**Information supplied**
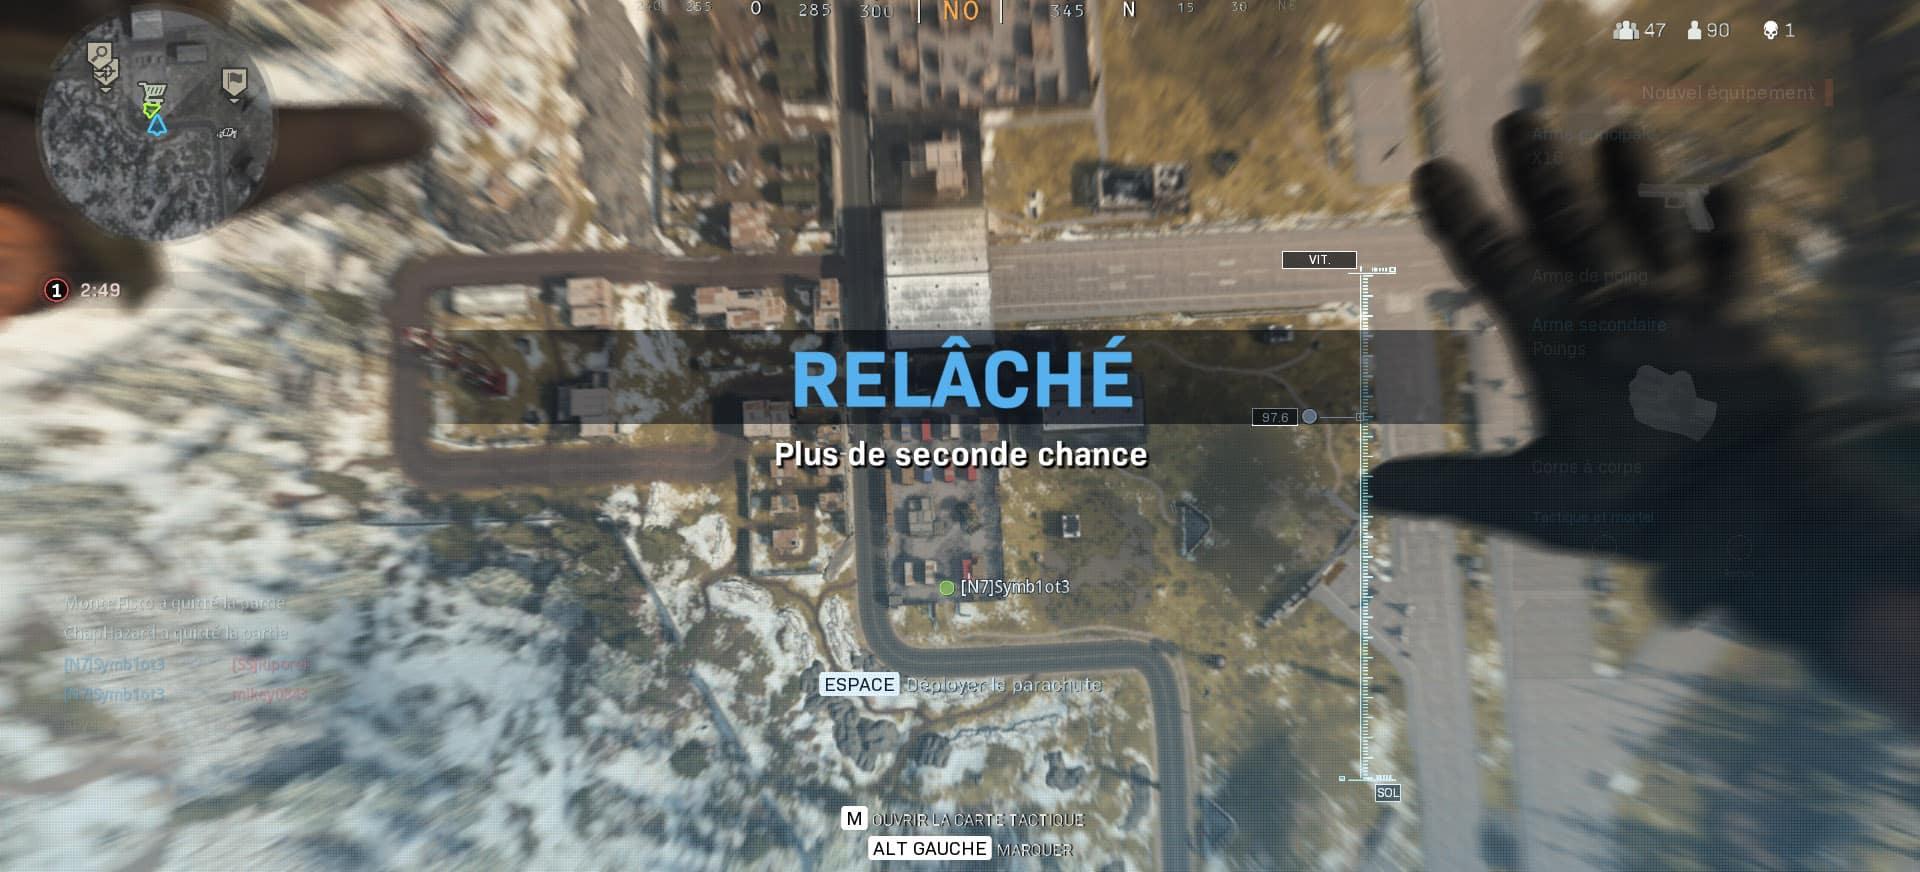 warzone-goulag-conseils-tips-gagner-comment-gratuit-cod-call-of-duty-modern-warfare-trailer-battle-royale-vignette
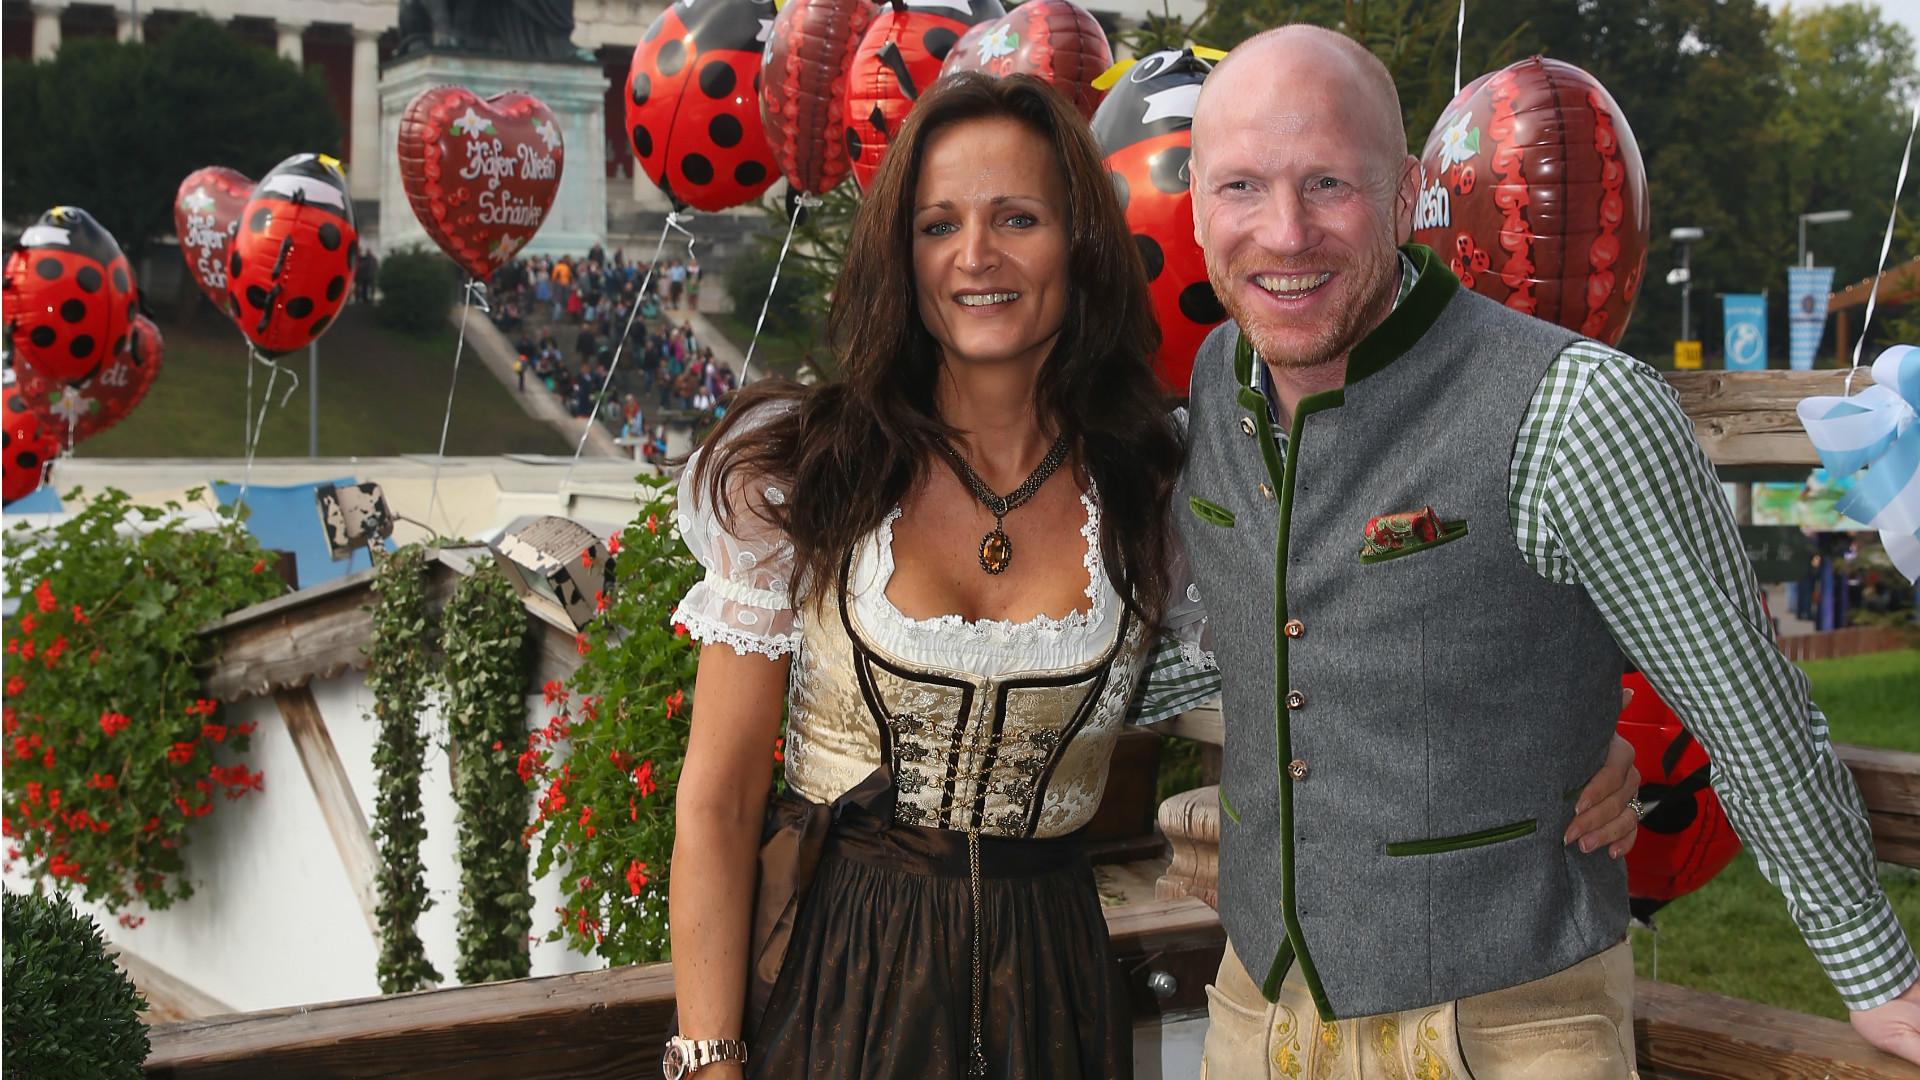 Matthias Sammer FC Bayern Munchen Oktoberfest - Goal.com
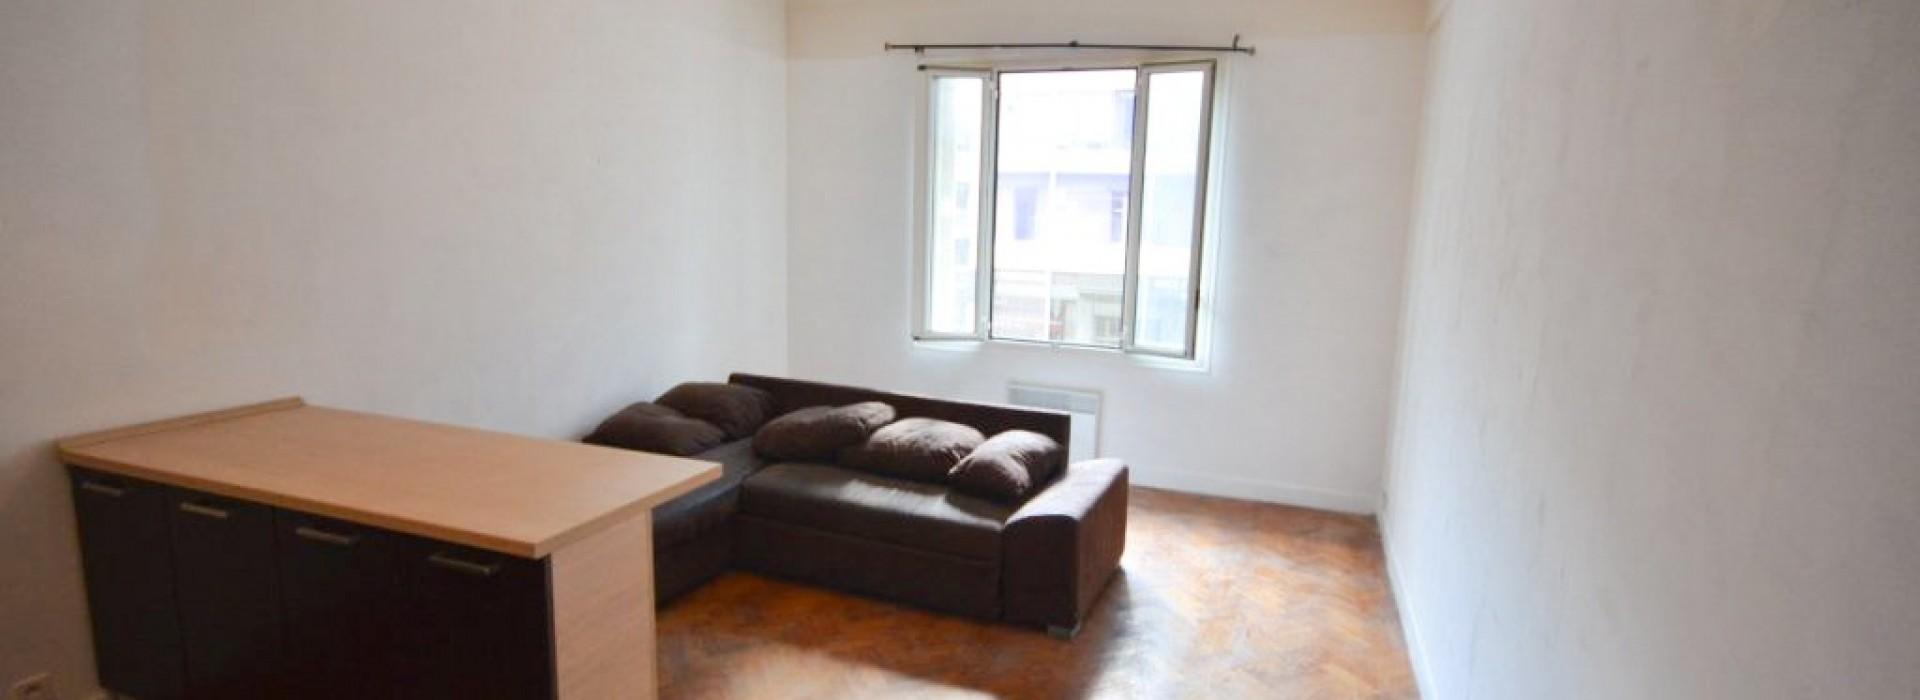 Appartement Nice 1 Pièce 28m2 180,000€

**Aim of the task**
With pictures excluded, restate word for word the lines from the one that contains "Matthias Sammer FC" through the end of the material, inclusive, and nothing more.

**Task result**
 Matthias Sammer FC Bayern Munchen Oktoberfest - Goal.com
 Appartement Nice 1 Pièce 28m2 180,000€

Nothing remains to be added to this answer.